Search code examples
regexregex-group

Why my optional captured group in my regex does not work?


Here is a text example that I will usually get:

CERTIFICATION/repos_1/test_examples_1_01_C.py::test_case[6]

CERTIFICATION/repos_1/test_examples_2_01_C.py::test_case[7]

INTEGRATION/test_example_scan_1.py::test_case

INTEGRATION/test_example_scan_2.py::test_case

Here is the regex I'm using to capture 3 different groups:

^.*\/(.*)\.py.*:{2}(.*(\[.*\])?)

If we take an example with the first line of my examples I should get:

test_examples_1_BV_01_C - test_case[6] - [6]

And for the last line:

test_example_scan_2 - test_case - None

But if you try this regex you will find out that the first example does not work.

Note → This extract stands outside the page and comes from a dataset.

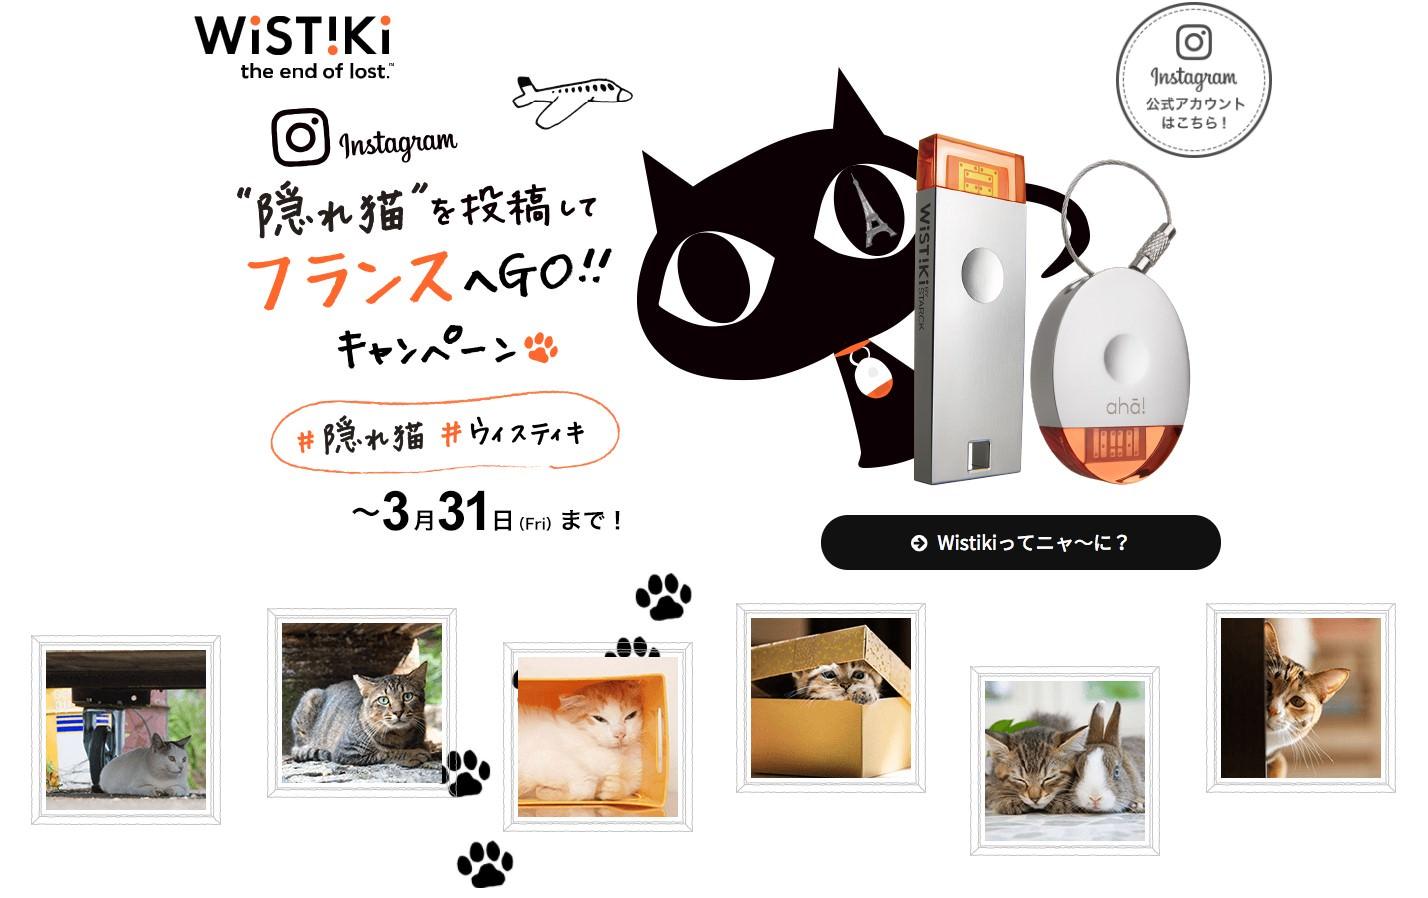 """""""隠れ猫""""を見つけてフランス旅行が当たる!?忘れ物防止タグ""""Wistiki(ウィスティキ)""""日本デビューキャンペーン!"""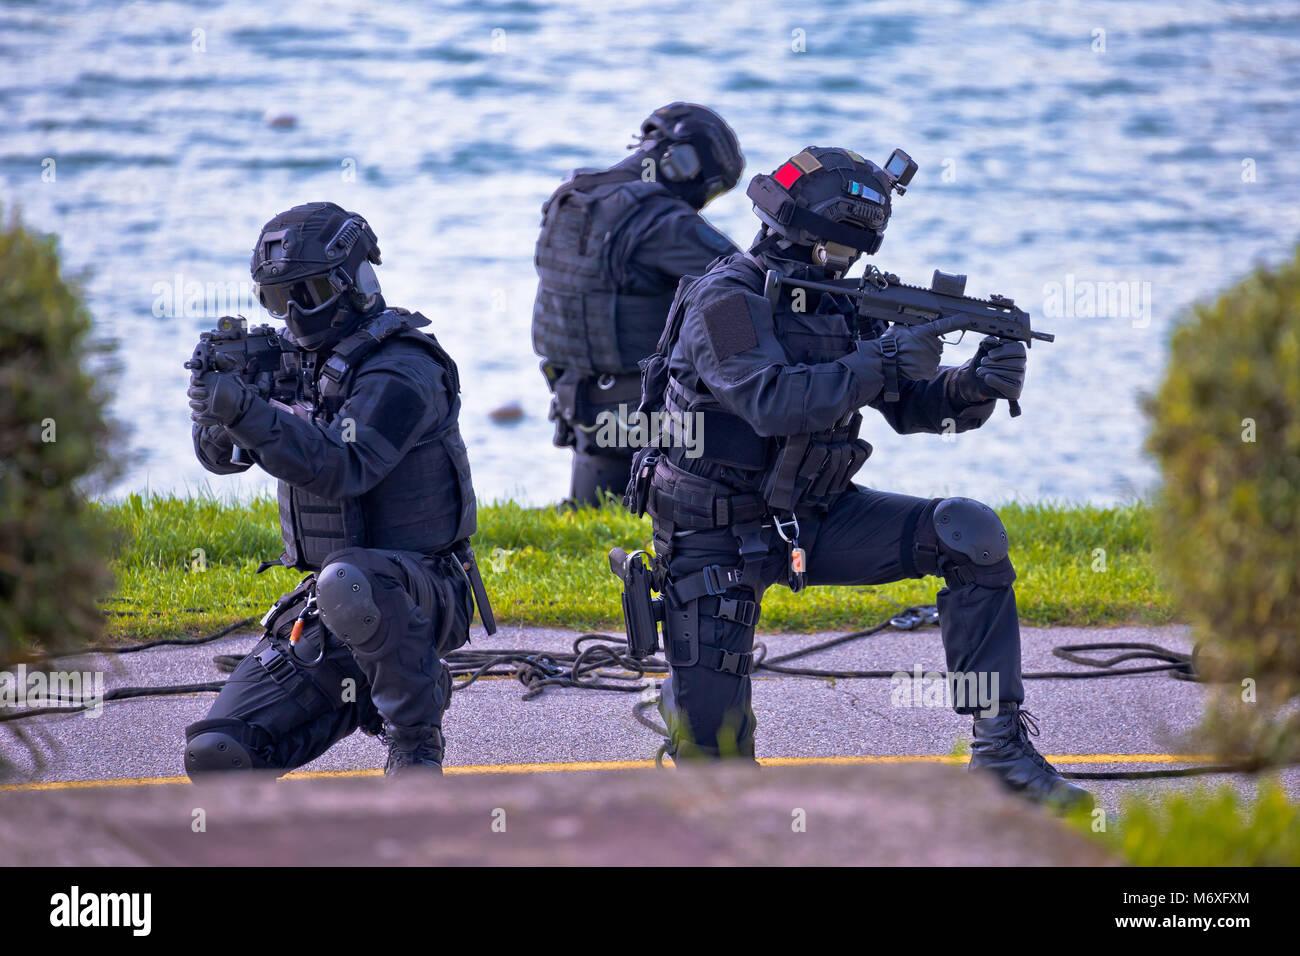 Le forze speciali tattiche di squadra di tre in azione, non marcati e irriconoscibile SWAT team Immagini Stock

I can't get the [6]. If you remove the "?" you will have no match with line that does not have "[.*]" at the end

So, how can I get all those information ? And what do I do wrong ?

Regards


Solution

  • You can use

    ^.*\/(.*)\.py.*::(.*?(\[.*?\])?)$
    

    See the regex demo

    Details:

    • ^ - start of string
    • .* - any zero or more chars other than line break chars, as many as possible
    • \/ - a / char
    • (.*) - Group 1: any zero or more chars other than line break chars, as many as possible
    • \.py - .py substring
    • .* - any zero or more chars other than line break chars, as many as possible
    • :: - a :: string
    • (.*?(\[.*?\])?) - Group 2: any zero or more chars other than line break chars, as few as possible, and then an optional Group 3 matching [, any zero or more chars other than line break chars, as few as possible, and a ]
    • $ - end of string.